>>>>>

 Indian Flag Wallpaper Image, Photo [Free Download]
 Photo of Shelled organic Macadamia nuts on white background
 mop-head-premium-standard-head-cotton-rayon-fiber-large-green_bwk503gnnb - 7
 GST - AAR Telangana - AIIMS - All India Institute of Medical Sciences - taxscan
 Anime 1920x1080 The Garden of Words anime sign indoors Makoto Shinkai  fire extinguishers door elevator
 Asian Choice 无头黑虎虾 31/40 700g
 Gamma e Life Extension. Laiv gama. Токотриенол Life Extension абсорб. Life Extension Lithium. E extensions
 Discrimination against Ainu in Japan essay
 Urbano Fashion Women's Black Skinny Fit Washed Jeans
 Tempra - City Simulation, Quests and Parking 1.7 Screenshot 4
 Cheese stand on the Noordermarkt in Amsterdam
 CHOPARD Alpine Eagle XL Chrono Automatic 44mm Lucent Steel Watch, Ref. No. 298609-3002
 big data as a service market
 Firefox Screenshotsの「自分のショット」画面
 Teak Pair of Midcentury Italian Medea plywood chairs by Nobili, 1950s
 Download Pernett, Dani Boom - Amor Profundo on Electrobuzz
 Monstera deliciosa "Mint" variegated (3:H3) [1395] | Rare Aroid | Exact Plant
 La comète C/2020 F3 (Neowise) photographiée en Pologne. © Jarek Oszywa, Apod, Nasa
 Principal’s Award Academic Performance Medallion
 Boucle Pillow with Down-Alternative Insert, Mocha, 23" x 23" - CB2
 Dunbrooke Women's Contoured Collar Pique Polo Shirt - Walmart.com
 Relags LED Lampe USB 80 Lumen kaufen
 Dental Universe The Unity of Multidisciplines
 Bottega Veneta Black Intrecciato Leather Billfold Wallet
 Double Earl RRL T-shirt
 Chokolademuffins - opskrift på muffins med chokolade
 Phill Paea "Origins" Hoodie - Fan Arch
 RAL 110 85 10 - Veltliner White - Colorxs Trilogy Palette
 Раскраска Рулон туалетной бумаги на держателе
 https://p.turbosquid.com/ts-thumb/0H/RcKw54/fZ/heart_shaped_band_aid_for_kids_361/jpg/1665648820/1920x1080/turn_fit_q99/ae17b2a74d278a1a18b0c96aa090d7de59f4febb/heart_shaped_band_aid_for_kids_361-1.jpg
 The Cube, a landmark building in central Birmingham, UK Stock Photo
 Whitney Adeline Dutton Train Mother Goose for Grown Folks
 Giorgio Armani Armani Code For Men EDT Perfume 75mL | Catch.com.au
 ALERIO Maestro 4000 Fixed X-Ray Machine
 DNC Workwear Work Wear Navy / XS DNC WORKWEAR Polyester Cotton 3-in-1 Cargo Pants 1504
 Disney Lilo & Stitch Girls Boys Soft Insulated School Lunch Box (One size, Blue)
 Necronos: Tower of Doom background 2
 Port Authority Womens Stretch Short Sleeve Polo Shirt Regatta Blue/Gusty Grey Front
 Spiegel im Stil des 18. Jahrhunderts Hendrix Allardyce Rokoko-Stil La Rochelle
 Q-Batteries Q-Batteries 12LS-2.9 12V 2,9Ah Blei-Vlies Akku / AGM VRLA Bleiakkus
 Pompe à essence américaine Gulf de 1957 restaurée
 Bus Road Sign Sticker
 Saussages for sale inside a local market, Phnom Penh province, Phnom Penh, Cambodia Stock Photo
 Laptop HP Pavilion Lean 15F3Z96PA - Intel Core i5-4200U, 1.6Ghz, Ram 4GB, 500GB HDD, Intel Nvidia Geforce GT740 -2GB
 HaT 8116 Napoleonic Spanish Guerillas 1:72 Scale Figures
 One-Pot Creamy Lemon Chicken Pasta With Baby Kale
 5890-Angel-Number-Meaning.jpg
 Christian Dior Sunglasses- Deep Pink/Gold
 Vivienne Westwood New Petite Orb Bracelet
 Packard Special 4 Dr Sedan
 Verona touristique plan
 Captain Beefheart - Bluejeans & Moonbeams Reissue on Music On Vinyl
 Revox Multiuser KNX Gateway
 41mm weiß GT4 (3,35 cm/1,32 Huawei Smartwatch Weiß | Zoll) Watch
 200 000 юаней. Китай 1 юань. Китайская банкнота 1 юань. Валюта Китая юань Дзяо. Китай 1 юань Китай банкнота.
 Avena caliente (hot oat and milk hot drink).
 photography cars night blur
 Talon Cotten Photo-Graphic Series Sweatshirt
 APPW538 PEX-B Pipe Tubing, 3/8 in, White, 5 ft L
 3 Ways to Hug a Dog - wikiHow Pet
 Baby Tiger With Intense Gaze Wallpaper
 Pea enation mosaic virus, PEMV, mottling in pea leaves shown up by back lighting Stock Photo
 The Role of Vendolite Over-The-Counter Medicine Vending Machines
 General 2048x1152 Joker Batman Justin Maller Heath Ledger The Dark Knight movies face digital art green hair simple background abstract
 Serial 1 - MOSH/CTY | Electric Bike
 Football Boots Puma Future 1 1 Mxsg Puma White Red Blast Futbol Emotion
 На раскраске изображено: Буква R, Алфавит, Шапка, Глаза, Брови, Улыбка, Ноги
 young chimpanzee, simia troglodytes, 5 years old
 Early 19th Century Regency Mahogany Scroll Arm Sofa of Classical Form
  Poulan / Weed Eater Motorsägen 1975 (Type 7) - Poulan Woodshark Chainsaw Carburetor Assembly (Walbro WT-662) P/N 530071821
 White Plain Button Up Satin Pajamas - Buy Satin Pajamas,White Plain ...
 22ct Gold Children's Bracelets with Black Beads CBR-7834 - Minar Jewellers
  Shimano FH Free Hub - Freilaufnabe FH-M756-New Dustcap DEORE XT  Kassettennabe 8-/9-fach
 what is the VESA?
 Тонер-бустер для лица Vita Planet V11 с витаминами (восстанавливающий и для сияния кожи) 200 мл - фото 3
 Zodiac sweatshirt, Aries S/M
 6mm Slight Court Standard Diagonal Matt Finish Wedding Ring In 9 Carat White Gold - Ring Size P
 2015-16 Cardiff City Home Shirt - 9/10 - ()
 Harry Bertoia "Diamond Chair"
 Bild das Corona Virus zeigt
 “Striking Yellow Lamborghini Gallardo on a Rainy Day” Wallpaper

<<<<<

TASK:
Above are the records; copy exactly the lines from the line with "La comète C/2020" through the line with "Port Authority Womens", both included.

WRITTEN ANSWER:
 La comète C/2020 F3 (Neowise) photographiée en Pologne. © Jarek Oszywa, Apod, Nasa
 Principal’s Award Academic Performance Medallion
 Boucle Pillow with Down-Alternative Insert, Mocha, 23" x 23" - CB2
 Dunbrooke Women's Contoured Collar Pique Polo Shirt - Walmart.com
 Relags LED Lampe USB 80 Lumen kaufen
 Dental Universe The Unity of Multidisciplines
 Bottega Veneta Black Intrecciato Leather Billfold Wallet
 Double Earl RRL T-shirt
 Chokolademuffins - opskrift på muffins med chokolade
 Phill Paea "Origins" Hoodie - Fan Arch
 RAL 110 85 10 - Veltliner White - Colorxs Trilogy Palette
 Раскраска Рулон туалетной бумаги на держателе
 https://p.turbosquid.com/ts-thumb/0H/RcKw54/fZ/heart_shaped_band_aid_for_kids_361/jpg/1665648820/1920x1080/turn_fit_q99/ae17b2a74d278a1a18b0c96aa090d7de59f4febb/heart_shaped_band_aid_for_kids_361-1.jpg
 The Cube, a landmark building in central Birmingham, UK Stock Photo
 Whitney Adeline Dutton Train Mother Goose for Grown Folks
 Giorgio Armani Armani Code For Men EDT Perfume 75mL | Catch.com.au
 ALERIO Maestro 4000 Fixed X-Ray Machine
 DNC Workwear Work Wear Navy / XS DNC WORKWEAR Polyester Cotton 3-in-1 Cargo Pants 1504
 Disney Lilo & Stitch Girls Boys Soft Insulated School Lunch Box (One size, Blue)
 Necronos: Tower of Doom background 2
 Port Authority Womens Stretch Short Sleeve Polo Shirt Regatta Blue/Gusty Grey Front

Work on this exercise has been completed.